# Which is the best puppy chow?



## MyAntsRMarching (Oct 24, 2007)

Hey everyone,
I haven't posted in awhile, but thought I would try to be a little more active on the boards! 

Marley and his sister are growing at a fast rate! They are 6 months old last week! They both are eating the "Purina® Puppy Chow® brand Puppy Food Healthy Morsels™ Soft & Crunchy Bites". I have heard mixed reviews about them. 

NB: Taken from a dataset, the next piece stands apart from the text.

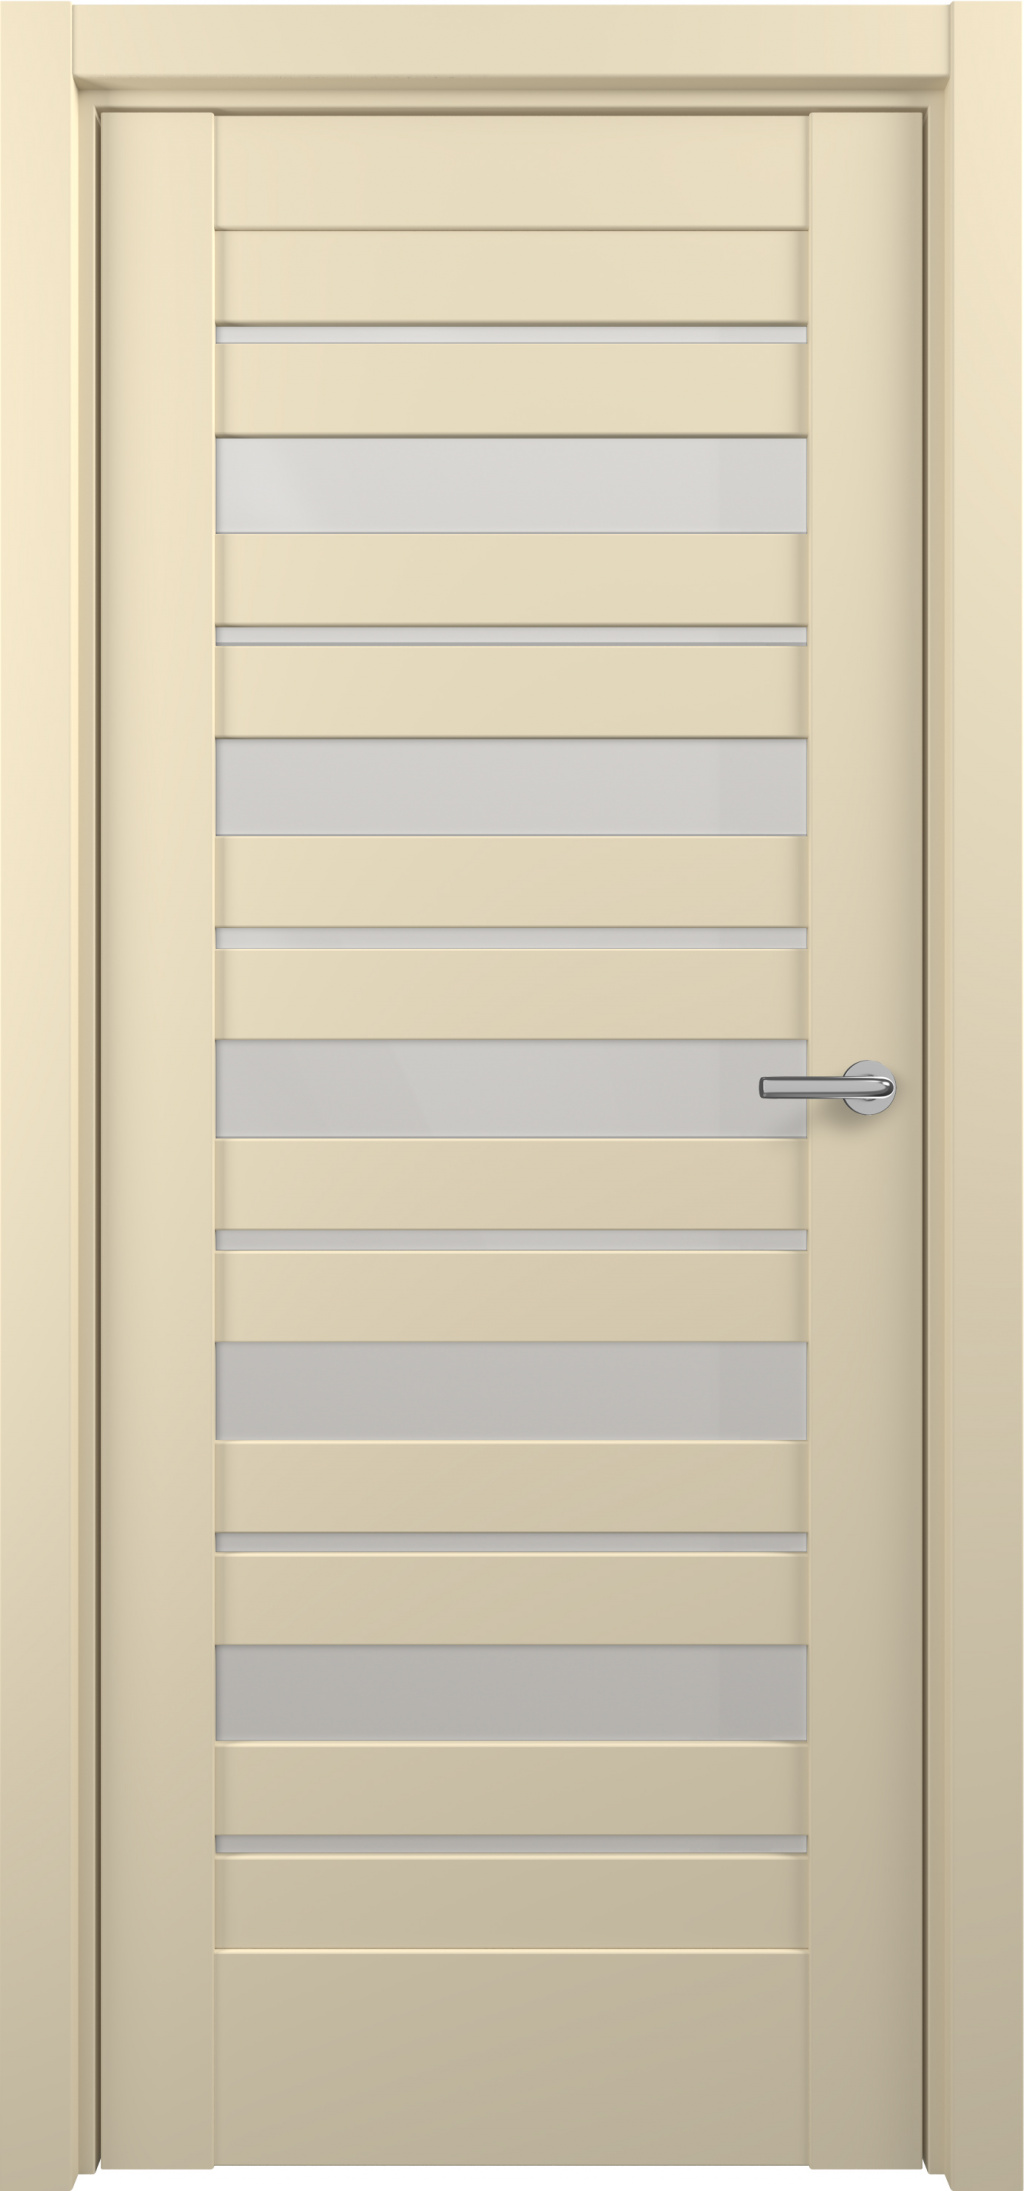 Zadoor Межкомнатная дверь S18, арт. 15825 - фото №1

Any ideas? Keep them on it? Switch slowly? etc. etc.?
Thanks!,
Chris


----------



## pamperedpups (Dec 7, 2006)

I won't feed Purina, Iams/Eukanuba, Science Diet, Ol Roy, Kibbles N Bits, etc. because of their poor quality ingredients, unnecessary fillers and chemical preservatives. For more information on dog food and ingredients, check out www.dogfoodproject.com and www.dogfoodanalysis.com You might also look into a raw diet: www.rawfed.com


----------



## heidiann (Feb 3, 2008)

> I won't feed Purina, Iams/Eukanuba, Science Diet, Ol Roy, Kibbles N Bits, etc. because of their poor quality ingredients, unnecessary fillers and chemical preservatives. For more information on dog food and ingredients, check out www.dogfoodproject.com and www.dogfoodanalysis.com You might also look into a raw diet: www.rawfed.com


I agree...

If you do decide on kibble...try Canidae or another premium one that has less grain and more meat. 

I'd also personally stay away from any brand that was involved in any of the recalls. But, we lost cats in the 2006 Diamond recall and just don't want to have to go through that mess again.


----------



## Patt (Feb 12, 2008)

You'll get lots of suggestions on this subject. My dogs love Innova, they have beautiful coats and are in great shape. I also use Wellness brand. 

Lots of good links given, here's another for top quality dog food. www.dogaware.com

Remember each dog is different, so what works for one doesn't necessarily work for another. Good luck.


----------